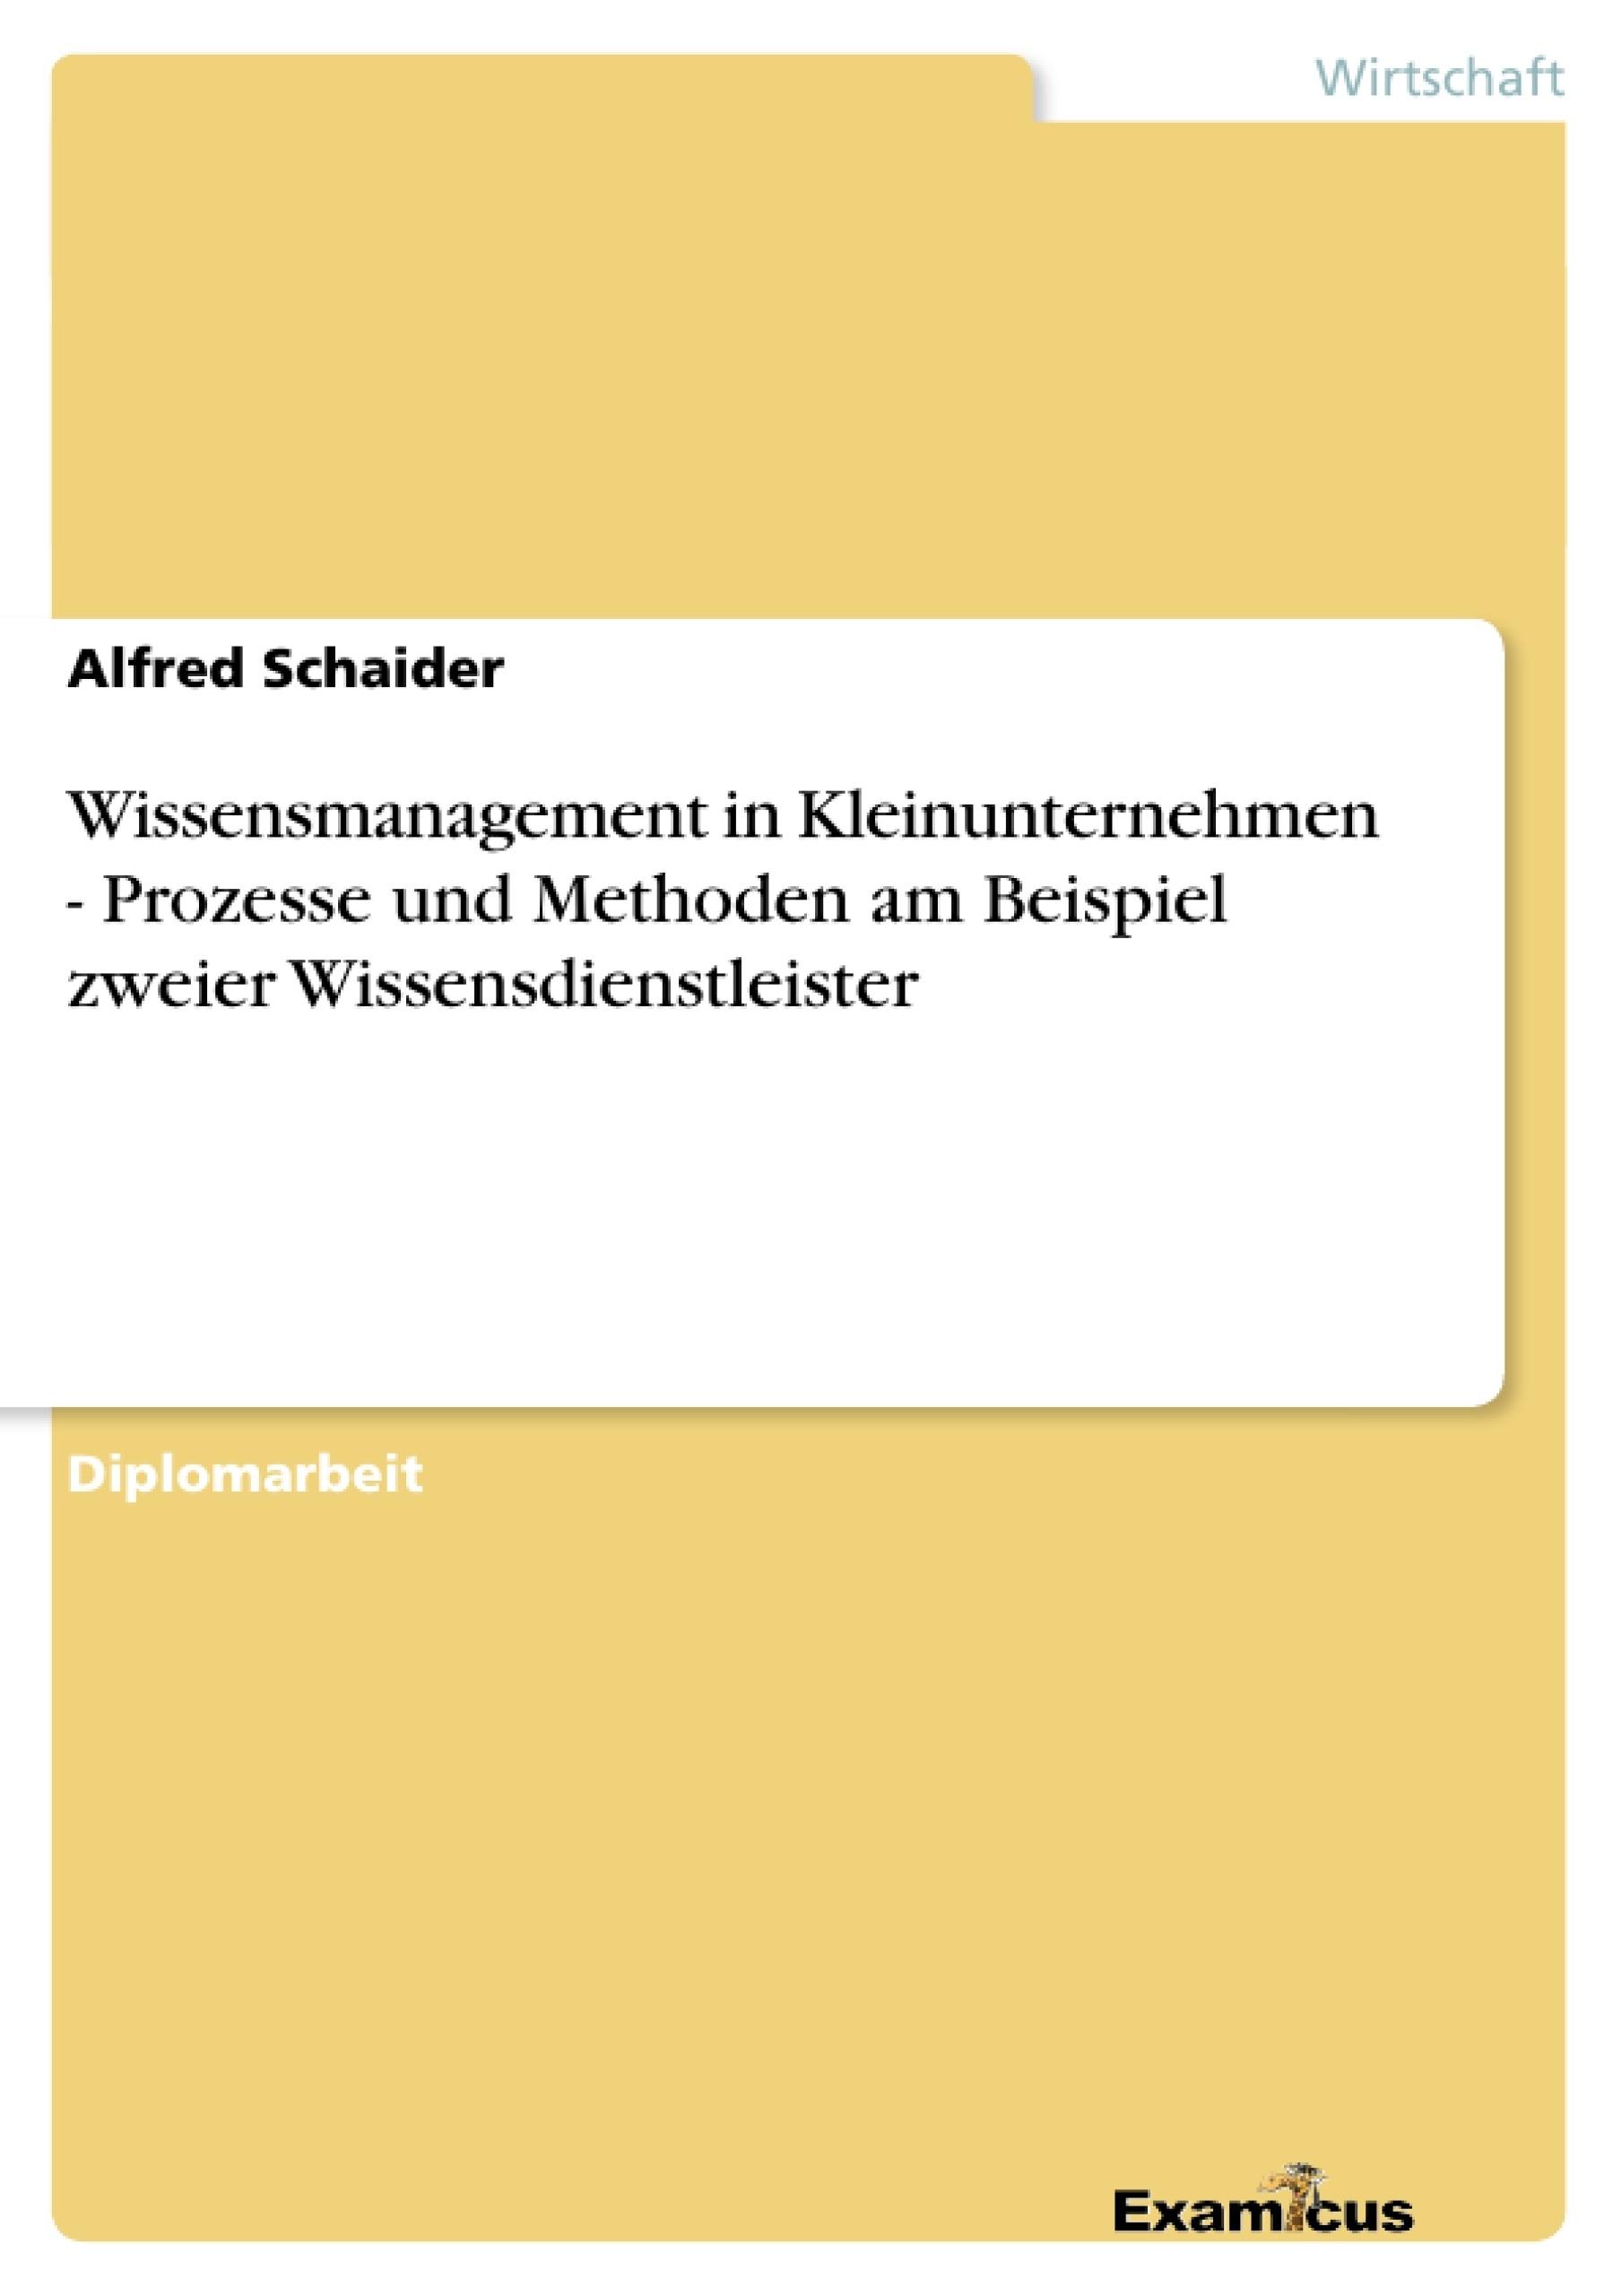 Titel: Wissensmanagement in Kleinunternehmen - Prozesse und Methoden am Beispiel zweier Wissensdienstleister
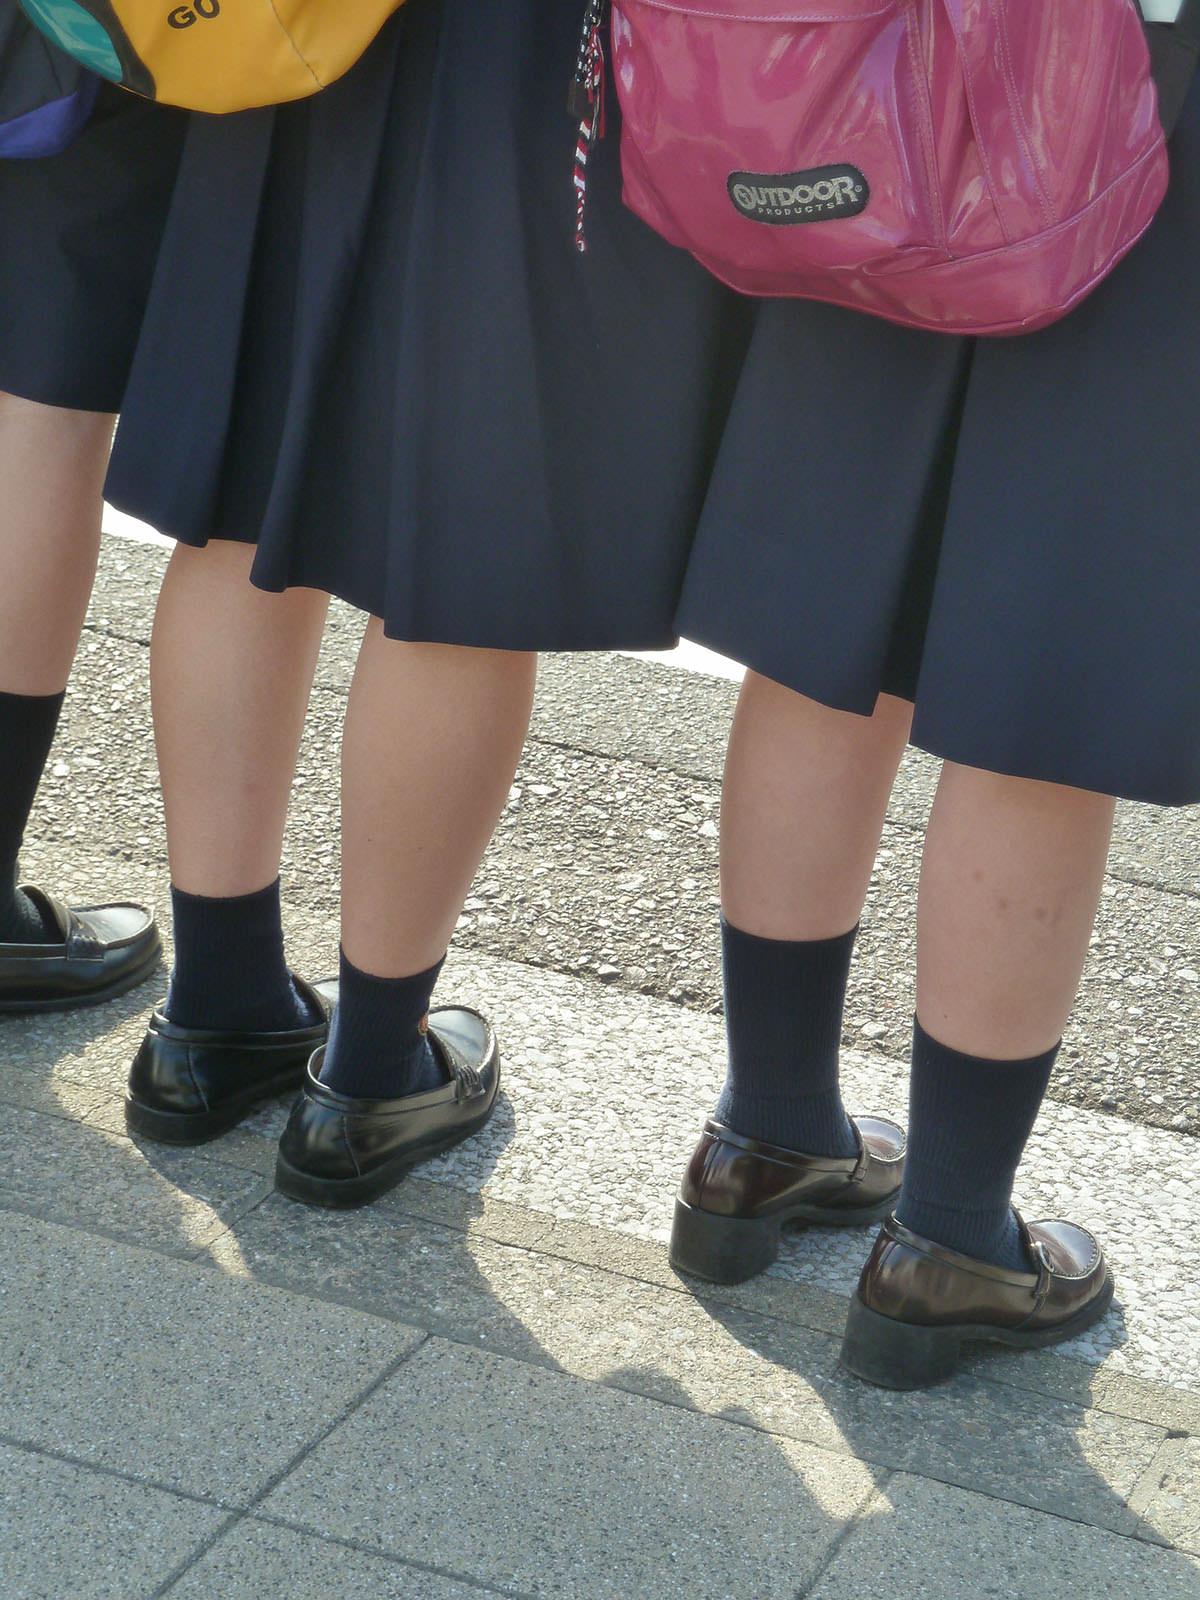 女子高生の足首あたりにめっちゃ興奮するフェチ画像 IJzXWdF
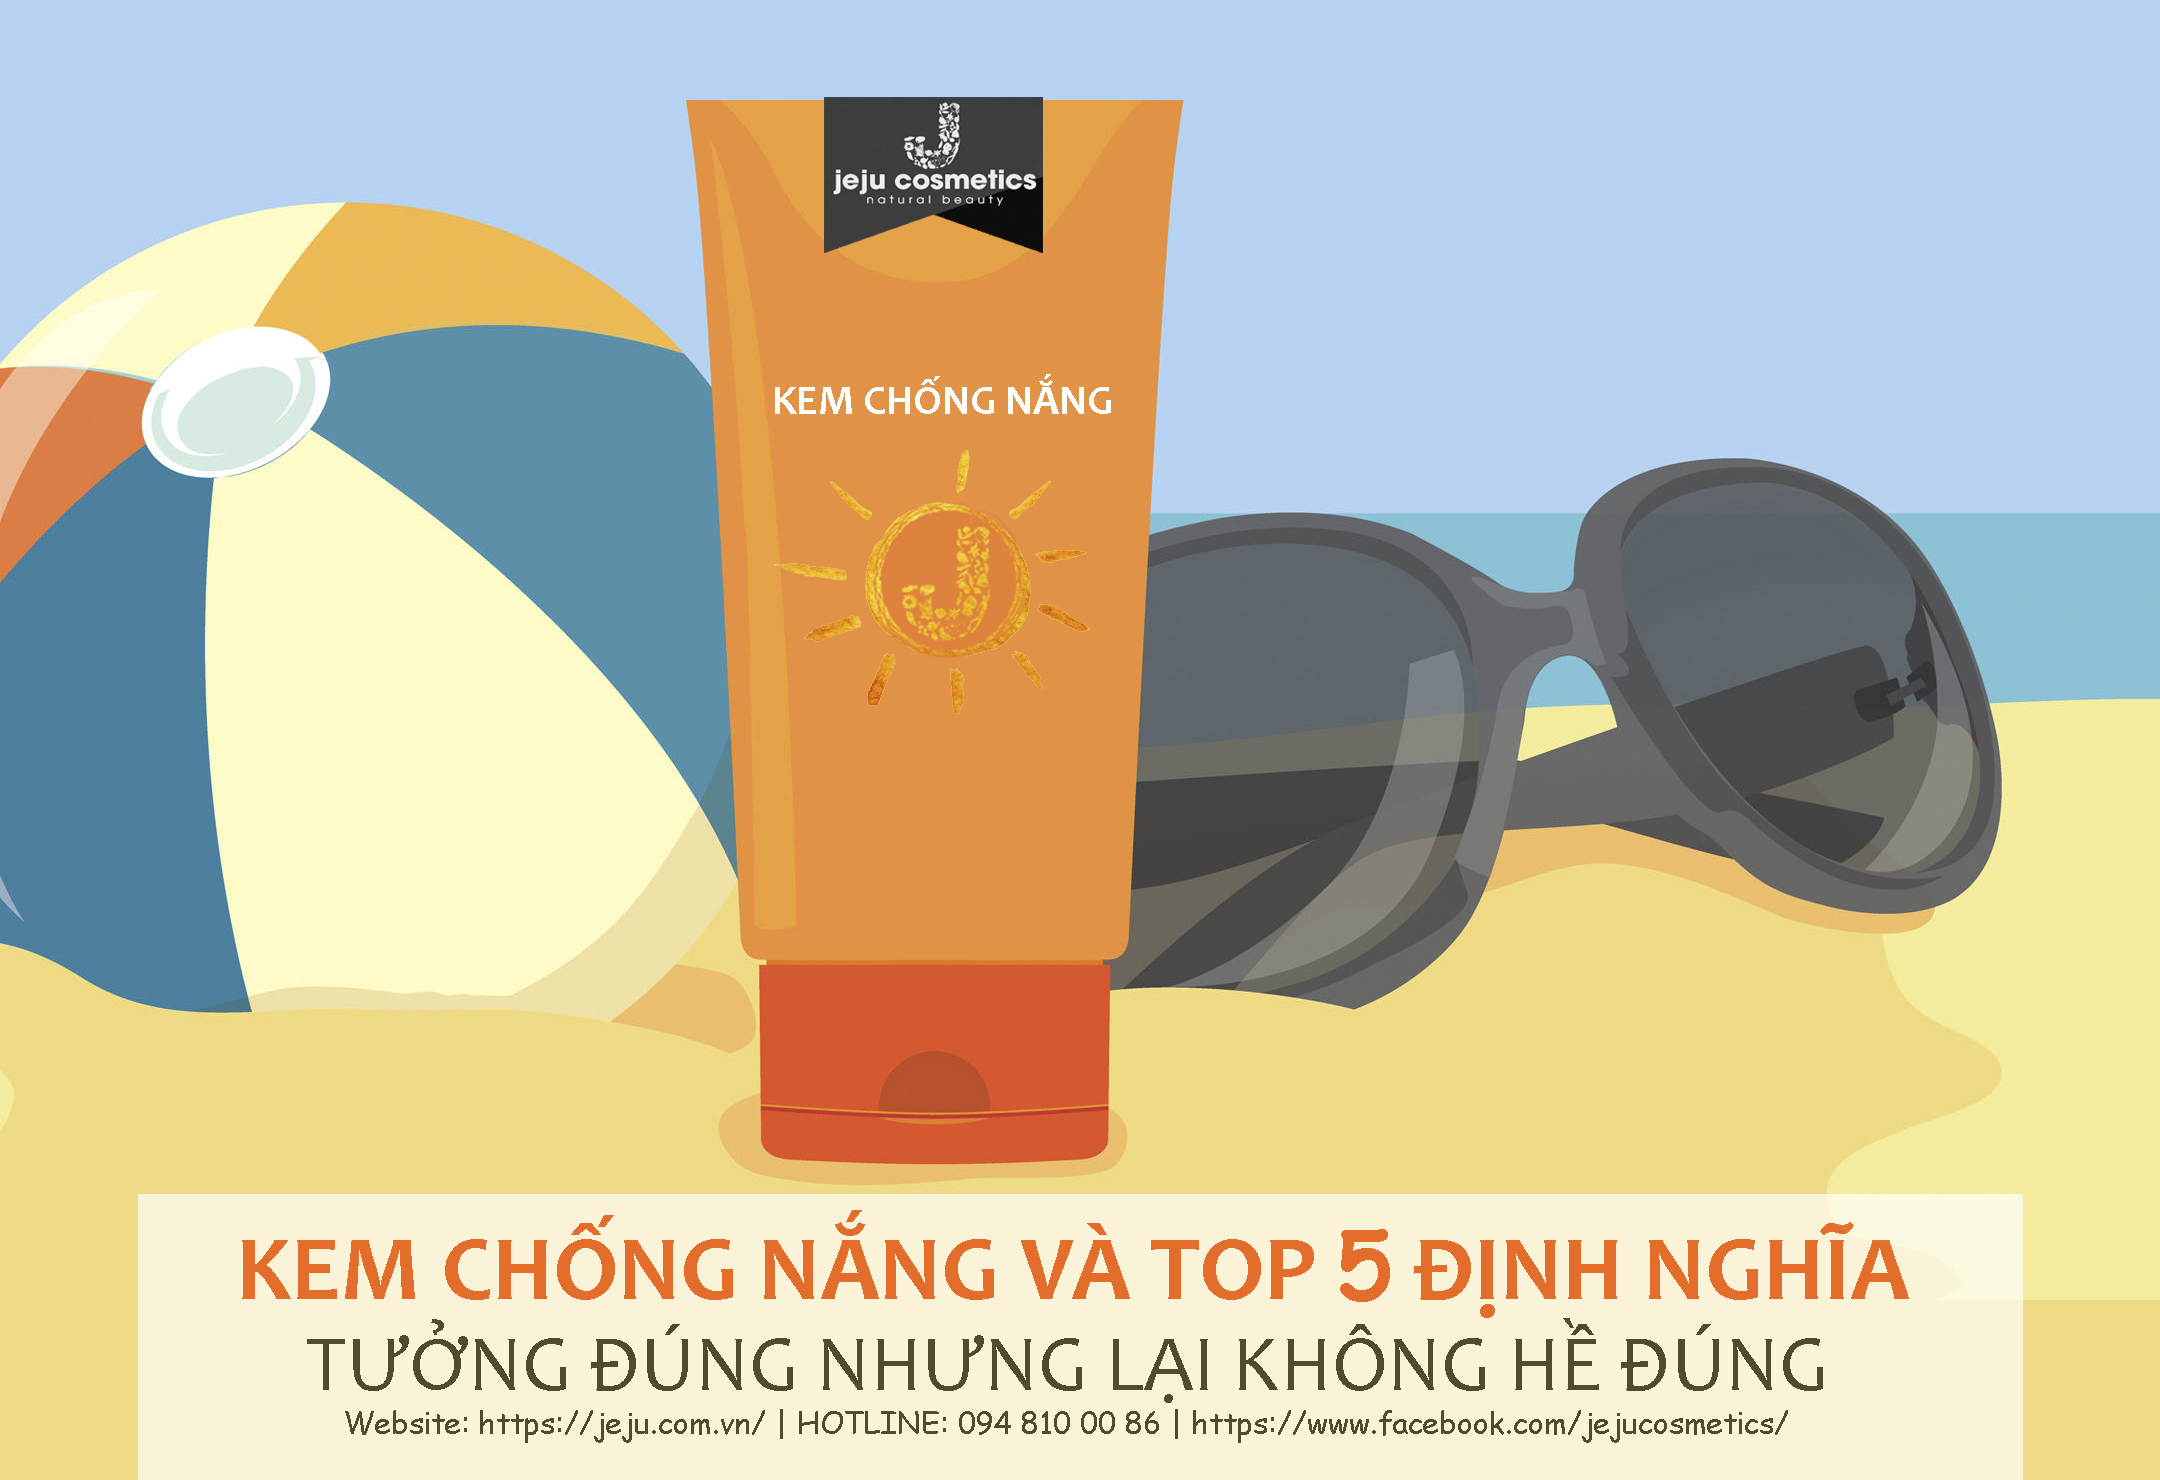 """Kem chống nắng từ lâu đã đóng vai trò là một sản phẩm """"bổ dưỡng"""" không thể  thiếu trong mọi quy trình dưỡng da hằng ngày của con người."""

TASK DETAILS: Output a verbatim copy of the lines from the line containing "女子高生の足首あたりにめっちゃ興奮するフェチ画像 IJzXWdF" through the end of the data, both included, without any images.

SOLUTION FOR THIS EXERCISE:
 女子高生の足首あたりにめっちゃ興奮するフェチ画像 IJzXWdF
 """Kem chống nắng từ lâu đã đóng vai trò là một sản phẩm """"bổ dưỡng"""" không thể  thiếu trong mọi quy trình dưỡng da hằng ngày của con người."""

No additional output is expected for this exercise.